Bereits im Winter starteten die bauvorbereitenden Maßnahmen. Momentan werden große Erdmassen, gefördert im benachbarten Mühlberger Elbekies-Werk, angefahren und modelliert. Aufgrund des Baustellenverkehrs sind auf der Zufahrtstraße nach Martinskirchen Ausweichstellen für den Begegnungsverkehr eingerichtet.

Im Bereich der angrenzenden Wohnbebauung in Altbelgern wird aufgrund fehlender Flächen und zur Gewährleistung der Standsicherheit eine 170 Meter lange Spundwand errichtet. Aus Vorsorgegründen ist das lange Deichstück in zwei Bauabschnitte unterteilt, da auch während der Bauausführung der Hochwasserschutz gewährleistet bleiben muss.

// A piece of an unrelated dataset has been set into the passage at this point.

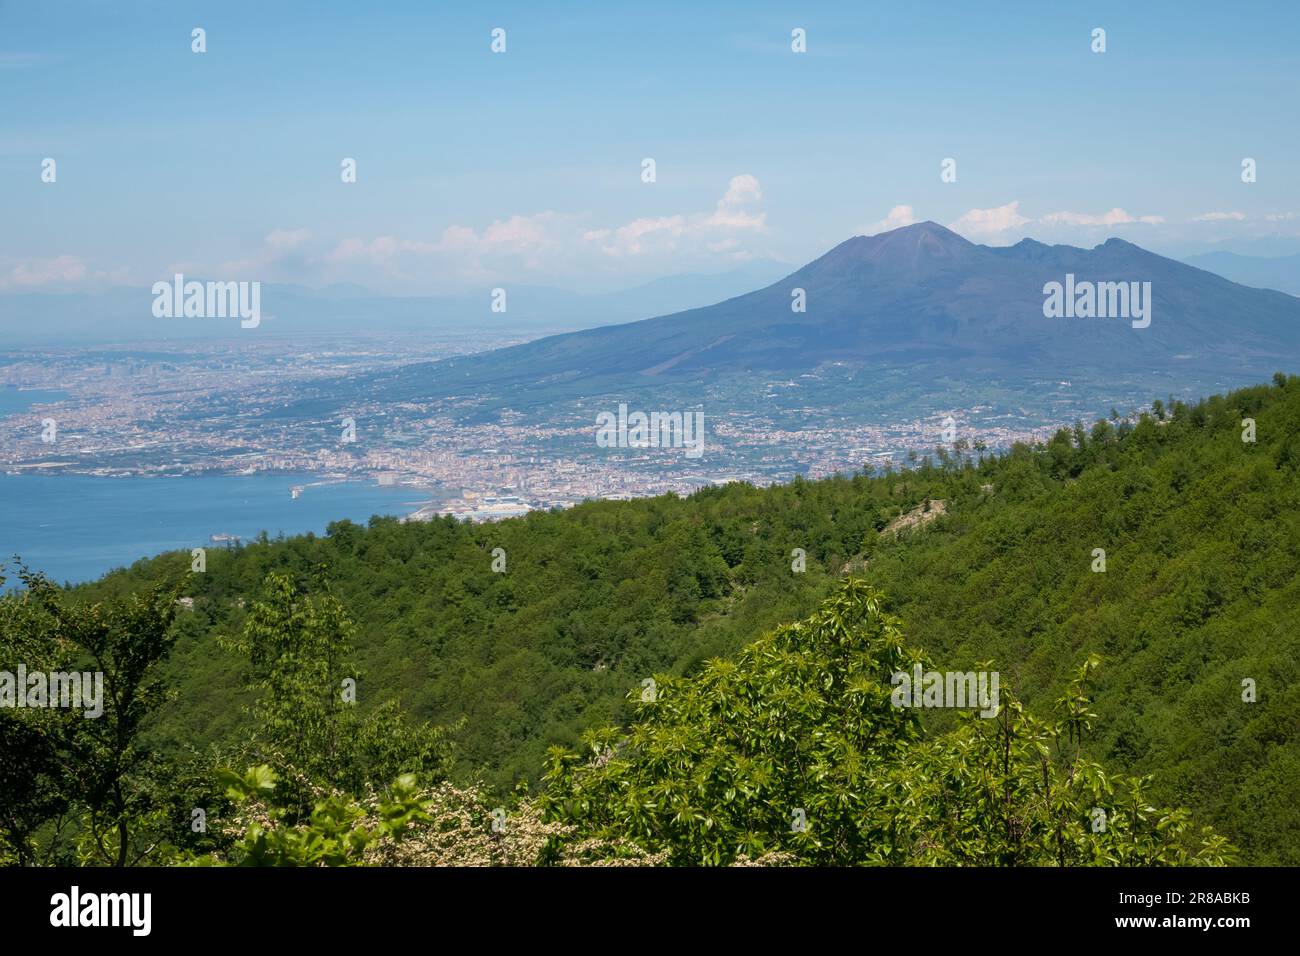 Affacciato sul Golfo di Napoli, nelle vicinanze si trova il Vesuvio, regione Campania d'Italia. Foto Stock

Der erste Bauabschnitt beginnt nördlich der Ortslage Altbelgern (Deich-Kilometer 1plus300) und endet an der Überfahrt nach Martinskirchen (Deich-Kilometer 3plus150). Der zweite Bauabschnitt beinhaltet den weiteren Deichabschnitt (Station 3plus150 bis 5plus000) bis nördlich der Zuckerfabrik bei Brottewitz. Den weiteren Verlauf bildet das TO 3 Los 1 (Brottewitz Zuckerfabrik bis Köttlitz Altdeich), welches voraussichtlich 2021 fertiggestellt wird.

Alle Bauabschnitte sollen in der zweiten Jahreshälfte 2022 fertiggestellt sein. Die Firma EUROVIA VBU GmbH, NL Leipzig, führt die Bauarbeiten aus.

Spatenstich für Kultur- und Freizeitzentrum Mühlberg

Mit dem Ausbau des ehemaligen Rinderstalls des Klosters Marienstern zu einem Kultur- und Freizeitzentrum der Stadt Mühlberg mit EU-Mitteln gewinnen die Lebensqualität in Mühlberg und die öffentliche Freizeit- und Tourismusinfrastruktur an Attraktivität. Von den sich auf 1.507.278,75 Euro belaufenden Gesamtkosten beträgt die Zuwendung durch das Umweltministerium 1.058.450,10 Euro.  

Das Kloster Marienstern ist in seiner Nutzung einzigartig in Mitteldeutschland. Die Mühlberger Klosterbauten sind von großer Bedeutung für die Architektur- und Kunstgeschichte. Sein Ökumenisches Haus der Begegnung und Stille betreibt der gleichnamige Verein. Mit Bildungsangeboten und differenzierten Programmen öffnet es sich für Einzelpersonen, Gruppen und Familien, religiöse und nicht konfessionell Gebundene. Das Angebot reicht von kurzen Veranstaltungen bis zu mehrtägigen Seminaren mit Aufenthalt im Kloster. In der ehemaligen Propstei befindet sich das überregional bekannte „Museum Mühlberg 1547“. Dauerausstellungen informieren über die „Schlacht bei Mühlberg“ am 24. April 1547, die Geschichte des ehemaligen Kriegsgefangenen- und Speziallagers sowie über die Stadtgeschichte.